For the records that follow, please set down exactly the lines between the one holding "Pinstripe Paty Knit" and the one holding "Scooby-Doo: Die Legende vom Vampir [2003]", inclusive, and only those.

Given information:
=-=-=

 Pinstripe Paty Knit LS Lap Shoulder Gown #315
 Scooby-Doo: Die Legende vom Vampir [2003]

=-=-=

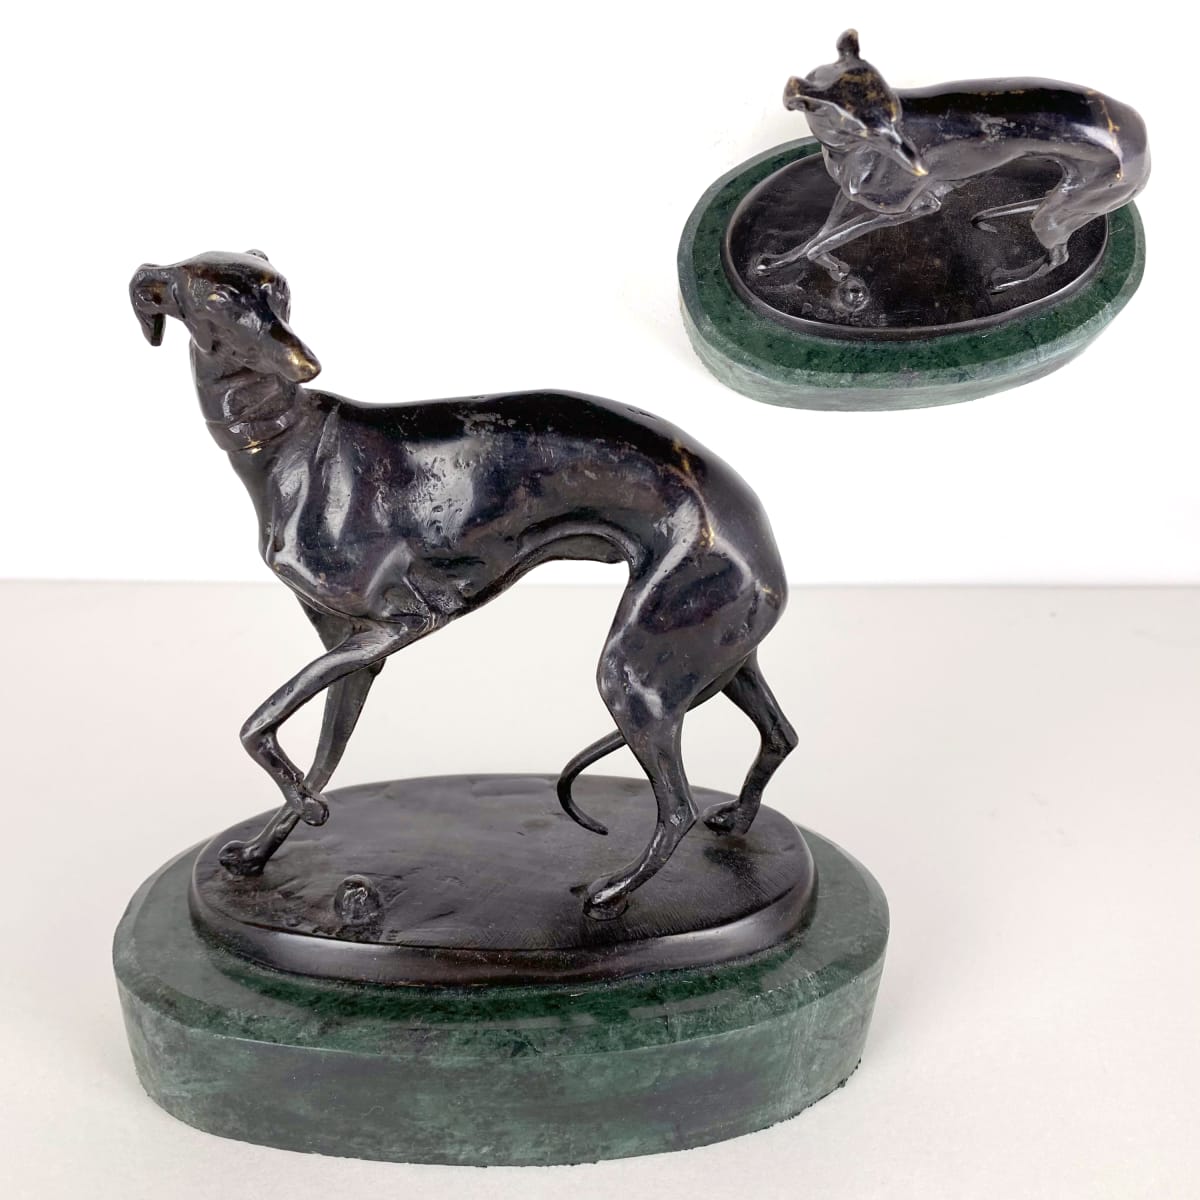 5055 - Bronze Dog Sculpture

=-=-=

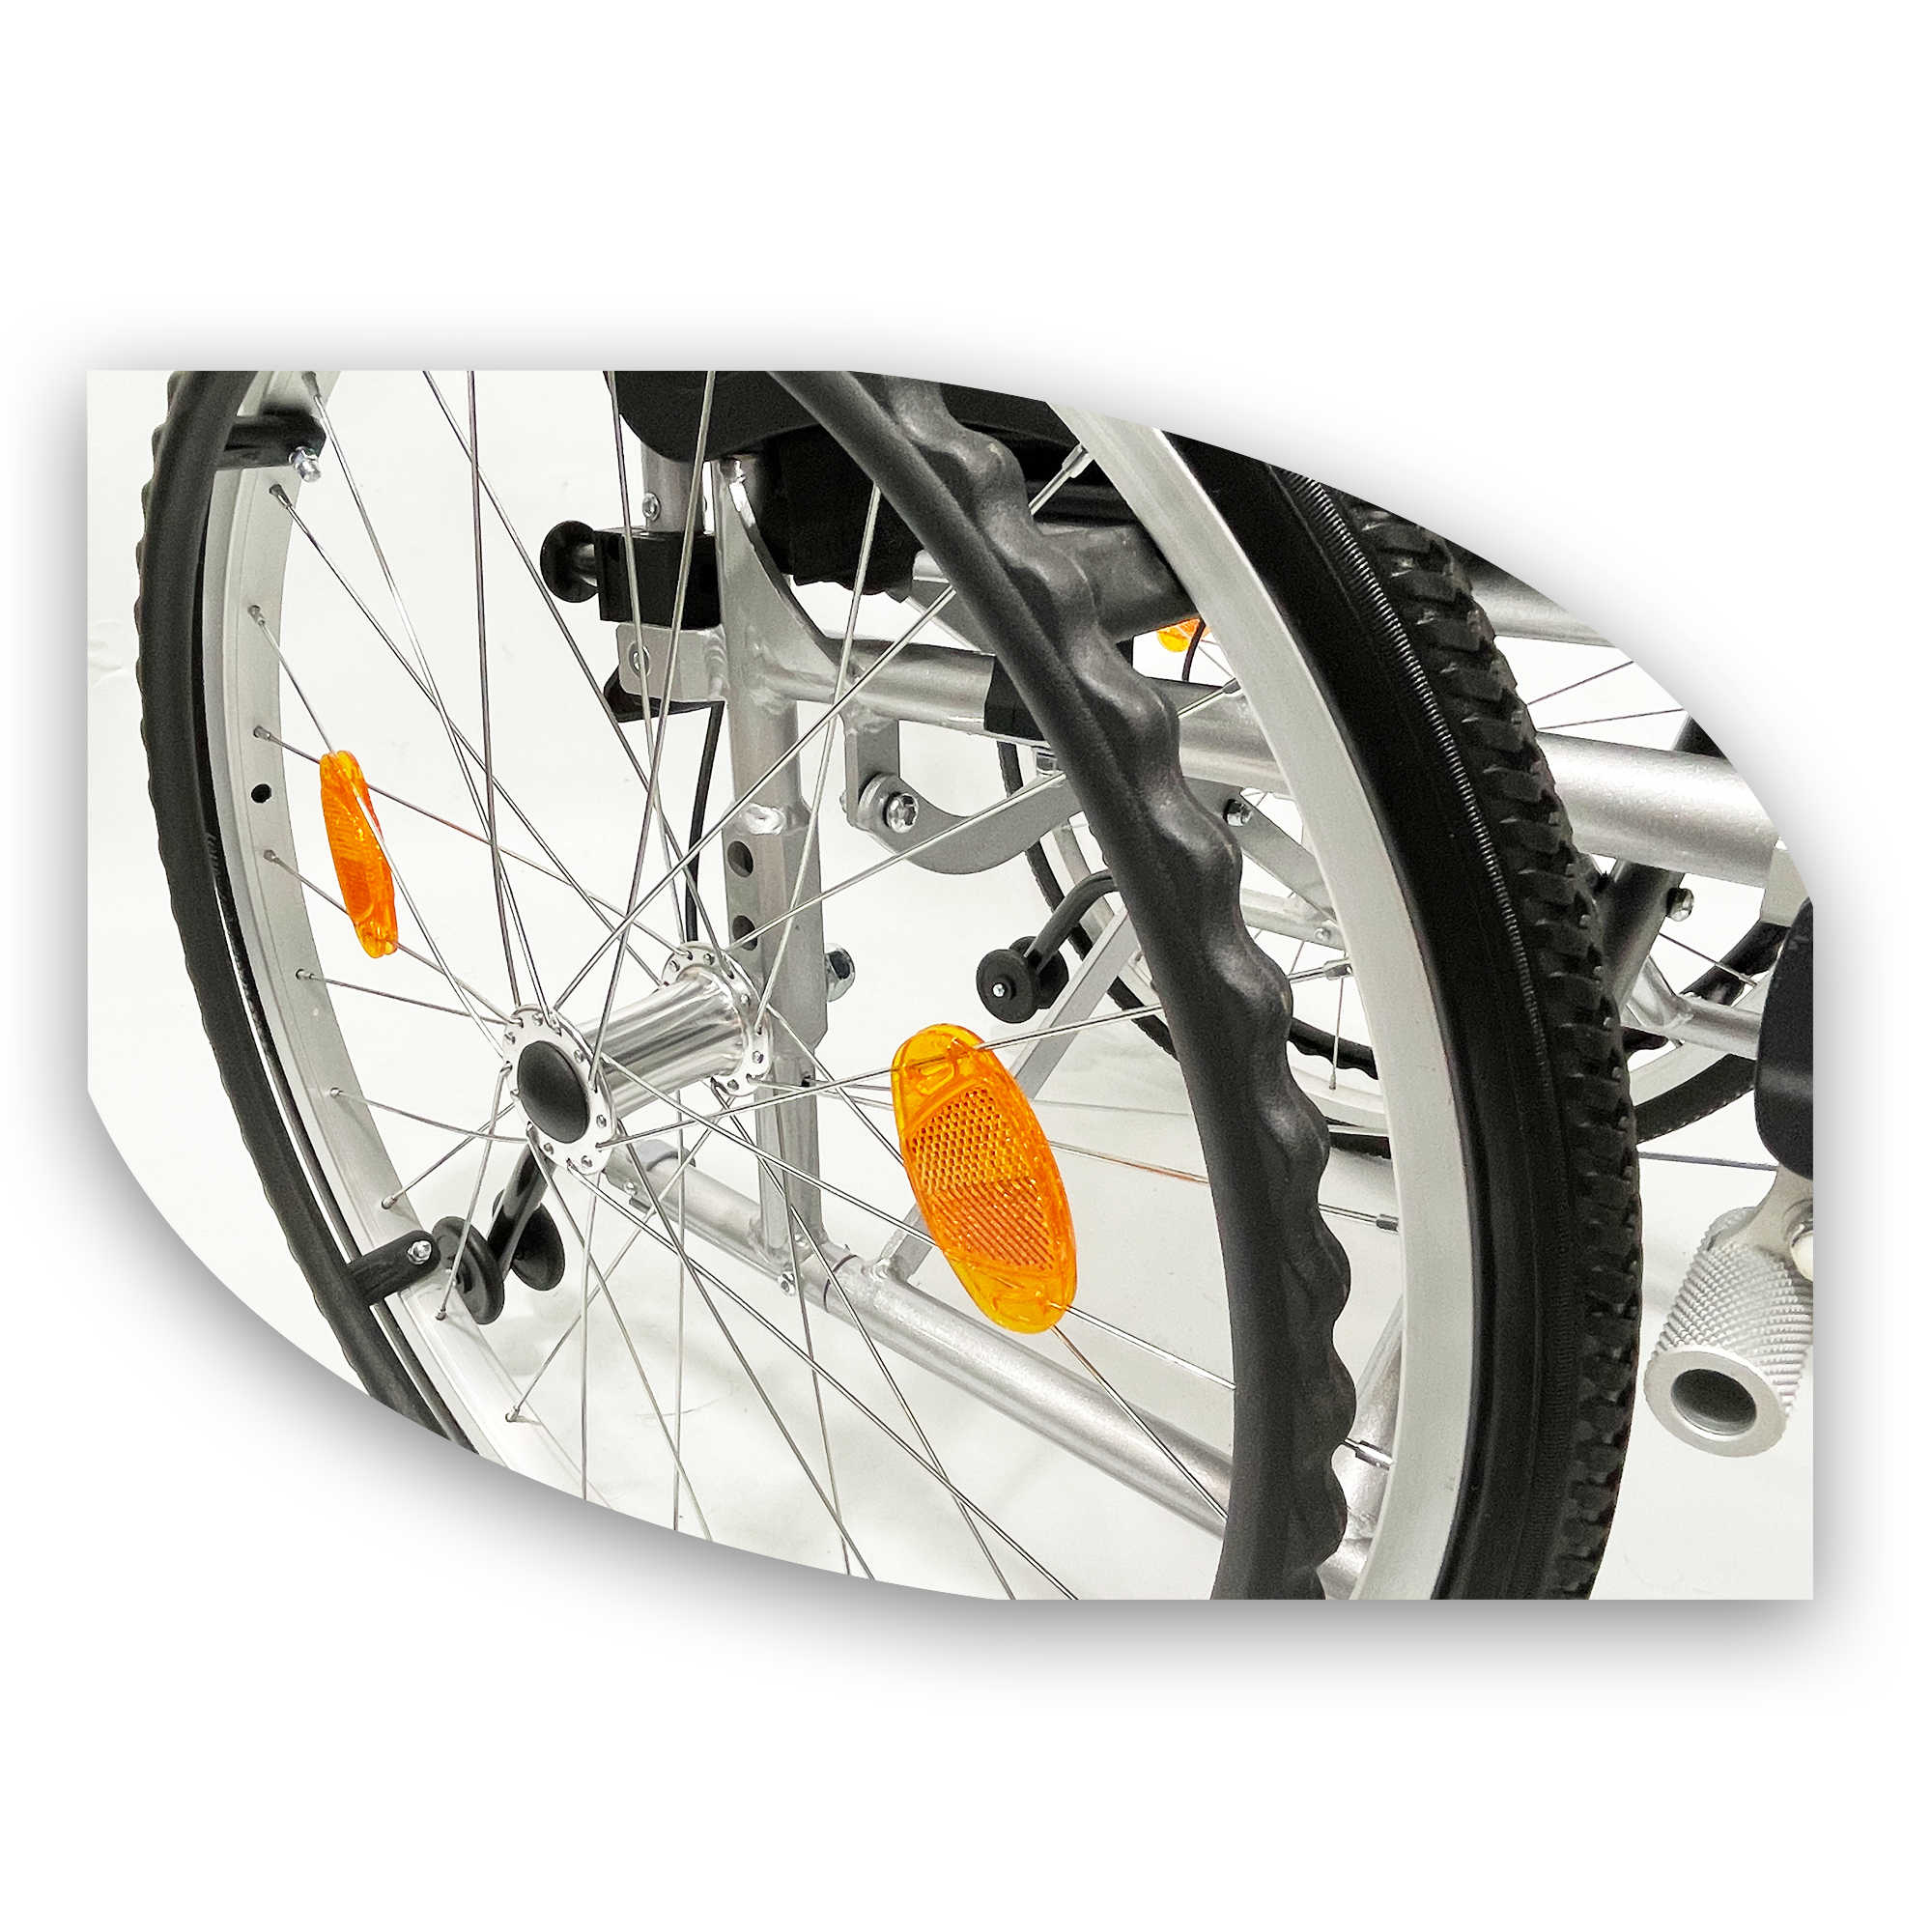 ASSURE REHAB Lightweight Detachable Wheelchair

=-=-=

Task solution:
 Pinstripe Paty Knit LS Lap Shoulder Gown #315
 Scooby-Doo: Die Legende vom Vampir [2003]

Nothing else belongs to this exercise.